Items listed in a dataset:
============

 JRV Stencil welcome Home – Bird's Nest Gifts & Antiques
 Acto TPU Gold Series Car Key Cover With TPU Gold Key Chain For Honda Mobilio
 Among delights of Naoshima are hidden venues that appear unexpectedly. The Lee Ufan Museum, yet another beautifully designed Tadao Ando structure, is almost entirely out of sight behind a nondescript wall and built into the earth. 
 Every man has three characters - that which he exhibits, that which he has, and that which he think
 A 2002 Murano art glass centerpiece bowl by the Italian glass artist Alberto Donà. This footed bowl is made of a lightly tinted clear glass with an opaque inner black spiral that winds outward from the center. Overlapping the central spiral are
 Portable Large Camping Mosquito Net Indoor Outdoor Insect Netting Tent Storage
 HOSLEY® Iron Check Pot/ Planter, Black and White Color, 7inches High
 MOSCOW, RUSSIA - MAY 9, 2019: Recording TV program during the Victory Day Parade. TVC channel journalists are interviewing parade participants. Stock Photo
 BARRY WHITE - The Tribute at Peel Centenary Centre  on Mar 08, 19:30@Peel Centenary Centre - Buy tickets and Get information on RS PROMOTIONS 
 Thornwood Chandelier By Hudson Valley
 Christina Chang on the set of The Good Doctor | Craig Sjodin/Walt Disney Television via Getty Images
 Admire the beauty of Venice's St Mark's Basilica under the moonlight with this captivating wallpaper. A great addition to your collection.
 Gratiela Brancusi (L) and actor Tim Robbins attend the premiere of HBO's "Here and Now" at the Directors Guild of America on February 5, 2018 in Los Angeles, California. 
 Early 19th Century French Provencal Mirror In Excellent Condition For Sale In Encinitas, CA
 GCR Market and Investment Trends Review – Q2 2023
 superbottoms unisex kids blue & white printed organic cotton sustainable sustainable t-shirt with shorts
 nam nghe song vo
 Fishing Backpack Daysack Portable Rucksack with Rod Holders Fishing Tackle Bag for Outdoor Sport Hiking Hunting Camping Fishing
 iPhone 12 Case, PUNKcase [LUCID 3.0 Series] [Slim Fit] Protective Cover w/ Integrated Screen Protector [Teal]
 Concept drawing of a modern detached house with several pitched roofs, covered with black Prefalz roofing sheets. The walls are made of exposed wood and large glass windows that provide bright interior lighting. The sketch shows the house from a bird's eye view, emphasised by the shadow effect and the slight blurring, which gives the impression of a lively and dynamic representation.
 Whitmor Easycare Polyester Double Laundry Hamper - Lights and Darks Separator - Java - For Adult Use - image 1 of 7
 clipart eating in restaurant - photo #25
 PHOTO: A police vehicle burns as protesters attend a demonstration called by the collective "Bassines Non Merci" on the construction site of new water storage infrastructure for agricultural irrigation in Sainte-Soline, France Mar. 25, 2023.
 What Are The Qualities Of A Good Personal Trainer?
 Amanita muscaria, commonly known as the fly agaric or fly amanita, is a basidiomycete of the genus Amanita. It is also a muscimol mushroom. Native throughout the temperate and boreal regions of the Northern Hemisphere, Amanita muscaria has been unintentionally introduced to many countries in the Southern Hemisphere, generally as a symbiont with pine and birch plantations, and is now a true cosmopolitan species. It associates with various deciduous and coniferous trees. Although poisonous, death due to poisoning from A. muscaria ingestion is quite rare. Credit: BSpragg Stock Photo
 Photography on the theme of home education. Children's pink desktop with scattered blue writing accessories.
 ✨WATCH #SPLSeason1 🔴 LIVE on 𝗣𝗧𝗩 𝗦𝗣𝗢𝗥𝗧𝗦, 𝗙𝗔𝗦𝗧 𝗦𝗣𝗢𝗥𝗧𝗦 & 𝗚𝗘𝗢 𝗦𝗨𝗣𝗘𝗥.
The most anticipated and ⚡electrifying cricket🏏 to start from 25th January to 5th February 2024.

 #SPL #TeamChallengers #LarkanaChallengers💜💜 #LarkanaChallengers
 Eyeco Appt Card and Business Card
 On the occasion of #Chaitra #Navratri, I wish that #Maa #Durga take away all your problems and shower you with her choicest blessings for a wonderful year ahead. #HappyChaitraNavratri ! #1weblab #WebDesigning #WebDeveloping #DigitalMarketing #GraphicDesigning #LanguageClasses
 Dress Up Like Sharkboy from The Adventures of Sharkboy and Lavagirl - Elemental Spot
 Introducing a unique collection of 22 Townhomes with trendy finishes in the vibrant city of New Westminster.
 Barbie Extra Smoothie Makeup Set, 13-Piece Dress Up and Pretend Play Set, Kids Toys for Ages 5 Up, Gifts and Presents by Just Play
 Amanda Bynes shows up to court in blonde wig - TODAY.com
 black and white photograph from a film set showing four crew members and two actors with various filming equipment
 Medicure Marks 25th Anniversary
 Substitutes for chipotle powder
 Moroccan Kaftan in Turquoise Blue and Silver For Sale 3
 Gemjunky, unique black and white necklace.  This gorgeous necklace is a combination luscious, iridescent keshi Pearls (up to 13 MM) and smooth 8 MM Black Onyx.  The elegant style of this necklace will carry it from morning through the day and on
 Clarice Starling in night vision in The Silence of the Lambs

============

◆ WORK TO BE COMPLETED ◆
Each line of the data that contains "glass" belongs in the answer.

◆ RESPONSE TO THE EXERCISE ◆
 A 2002 Murano art glass centerpiece bowl by the Italian glass artist Alberto Donà. This footed bowl is made of a lightly tinted clear glass with an opaque inner black spiral that winds outward from the center. Overlapping the central spiral are
 Concept drawing of a modern detached house with several pitched roofs, covered with black Prefalz roofing sheets. The walls are made of exposed wood and large glass windows that provide bright interior lighting. The sketch shows the house from a bird's eye view, emphasised by the shadow effect and the slight blurring, which gives the impression of a lively and dynamic representation.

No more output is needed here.